Diode and Ohm's Law question

Thread Starter


Joined Jan 5, 2011
I have this diode that is rated at 1000Volts @ 1 amp. This means that it can handle 1000 watts of power. With use of Ohm's law, W = VI, does that mean that I can pass 83 Amps through this diode @ 12 volts? Or does that law not apply?



Joined Apr 20, 2004
Not at all. The PIV rating (peak inverse voltage) will let it block up to 1000 volts. The junction can pass 1 amp of current at any voltage under 1000. Diodes are not resistors.

That's probably a 1N4007?
For an ideal diode, the forward voltage across the diode when it is conducting current will be .7 volts. In this condition it can conduct up to 1 amp of current. The 1000 volts is when the voltage is placed across the diode in the opposite direction. When the diode is reverse biased in this way the current through the diode is essentially zero. Above 1000 volts in the reverse direction the diode will breakdown or get destroyed.


Joined Dec 20, 2007
The maximum peak forward current of a 1N4007 rectifier diode is 30A for a duration no longer than 8.3ms (a half-cycle of a 60Hz sinewave).


Joined Nov 30, 2010
ecg125 is another number for 1n4007, and no, a part labeled 1 amp will not survive 83 amps, and the 1000 reverse volts that you don't apply to it times 1 amp maximum continuous forward current does not equal 1000 watts.
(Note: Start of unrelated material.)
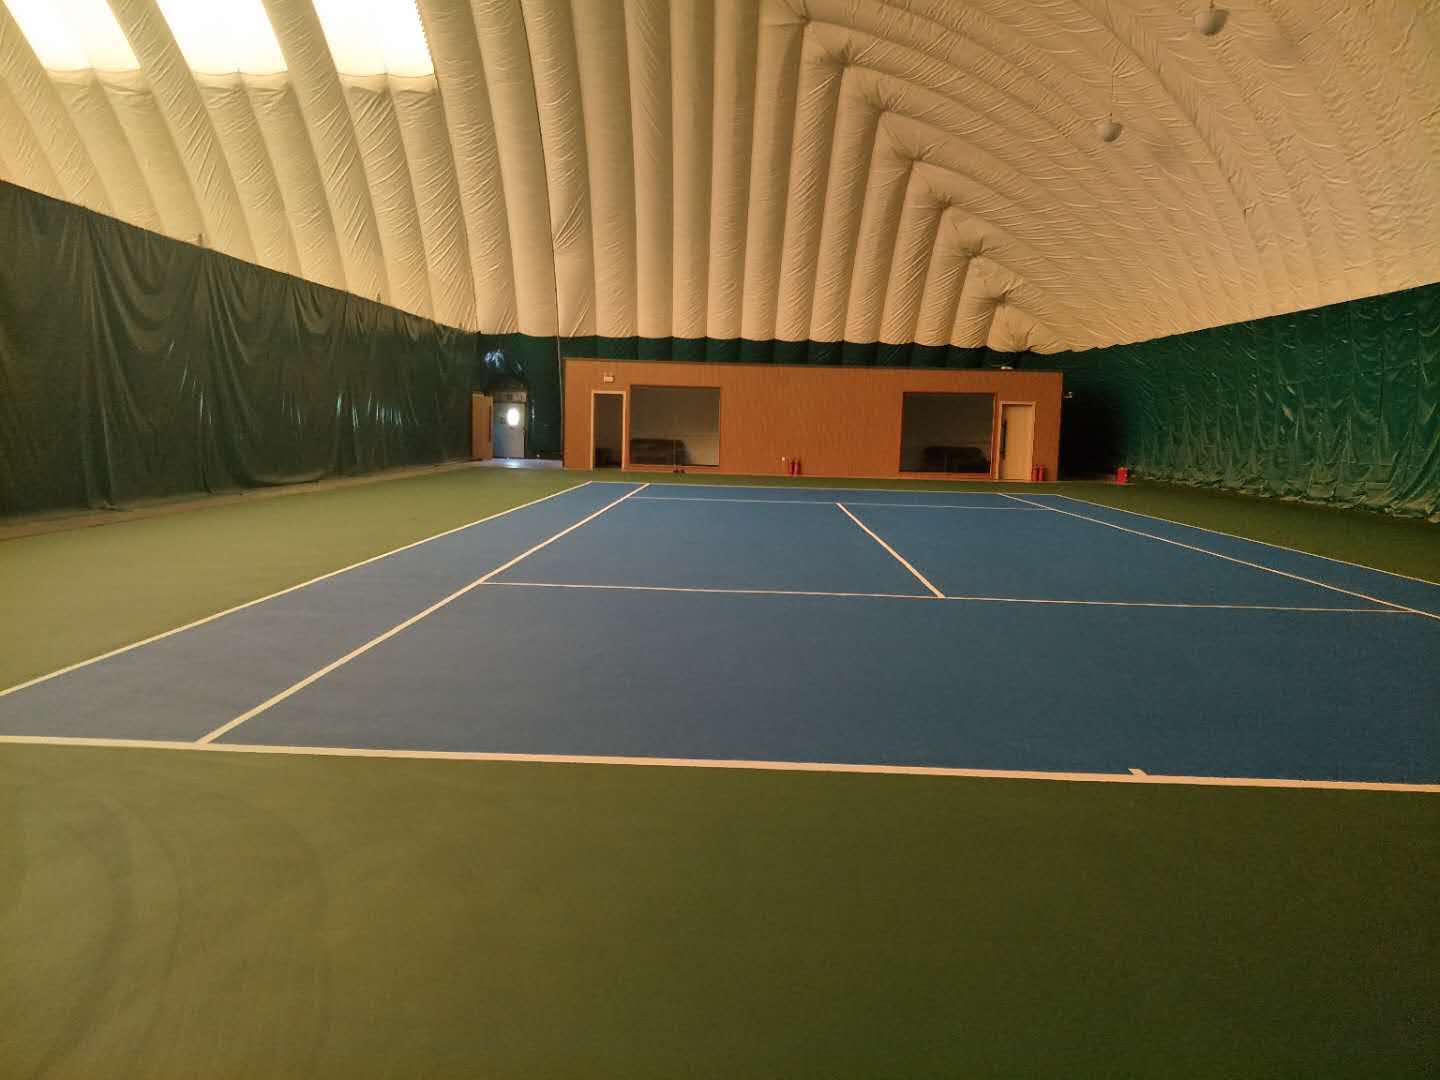 塑胶网球场
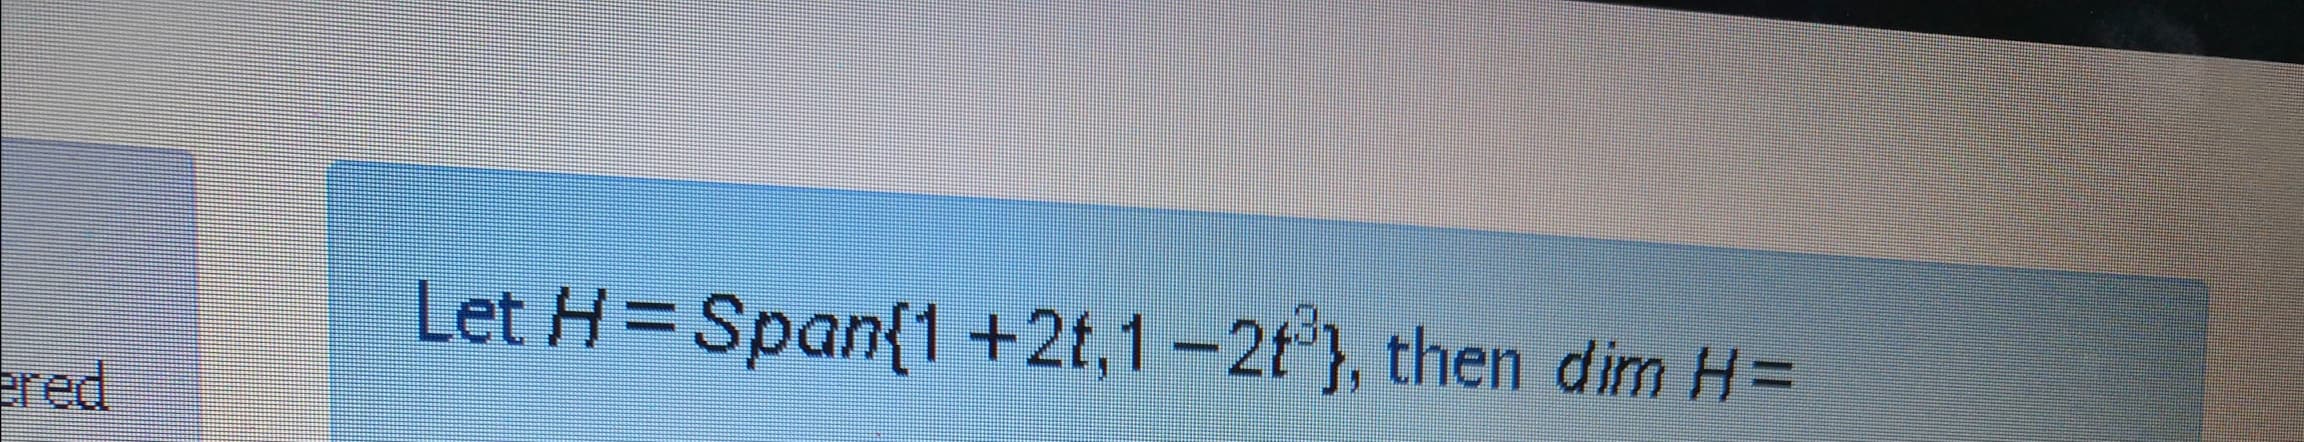 Let H=Span{1+2t,1-2t°}, then dim H=

I think you need to read about diodes.


Joined Sep 30, 2009
For an ideal diode, the forward voltage across the diode when it is conducting current will be .7 volts. In this condition it can conduct up to 1 amp of current.
I have a question about this statement. In almost every text and post this is said. But when you look at a data sheet of diodes there is usually a graph which shows it different.

The .7V drop is(the way I see it) just a threshold voltage drop. As the amperage through the diode increases, the voltage drop also increases. So why do people say that the voltage drop is only .7V when it can be much more in a circuit?

This for me is one of the reasons that electronics is so hard to learn.


Joined Nov 30, 2010
It's laziness. Anyone that designs circuits has seen the graphs of forward voltage compared to forward current. Most people here say ".7" because it works for hobby stuff.

Most people also say .6 volts for a forward biased bipolar transistor. I did the experiments and found that Amps (collector) compared to Volts (base to emitter) is a straight line on logarhythmic graph paper. In other words, all the voltages from really tiny to about a whole volt can show up as Vbe depending on Ic. Are you going to explain that to every beginner?


Joined Jul 17, 2007
The 0.7v reference is just for convenience's sake. A 1N400x diode with 1A current flowing through it will have close to a 1V drop across itself (around 0.95v).

I did an informal test of a 1N4002 diode a few years ago; with 20uA current flow the Vf was 0.4v; .2mA was 0.5v, 2mA was 0.6v, 20mA was 0.7v. I didn't go to 200mA, but extrapolating from the plot I made, it would be close to 0.8v.

StayAtHomeElectronics mentioned an "ideal diode" that are frequently characterized with a Vf of 0.7v - and it doesn't matter how much current you put through them, the Vf will stay the same. That shouldn't be confused with a MOSFET as an "ideal diode" in synchronous switching supplies or synchronous rectifiers; as in that situation the MOSFET will not have a Vf to speak of (except for the intrinsic body diode), only the Rds(on) would be considered.
The 0.7 volt number for diodes is an approximation. The initial comments seemed to show a little misunderstanding of the functionality of a diode. A simplified model is the best place to start, especially given that there are no real circuit associated with the question.

Considering the 0.7 volt forward drop across a diode as a threshold voltage is also simplification the diode. It is not true that the diode does not conduct below 0.7 volts. It is true that once you get below that approximate voltage that the current that passes through the diode gets small, or even very small. That is what makes that simplification valid in many cases.

For the 1n400x, the forward drop is typically 1.4 volts at 20 Amps. That comes from the Fairchild Semiconductor datasheet. So, 20 uA gives 0.4v drop across the diode, from Sgt Wookie's informal test above, and 20 A gives 1.4v. 0.7 volts is not a bad starting point when you do not know the operating region of the parts.

Also, without some initial calculations you do not know what parameters are required in the part, so you can not always start with a part number or characteristic curves.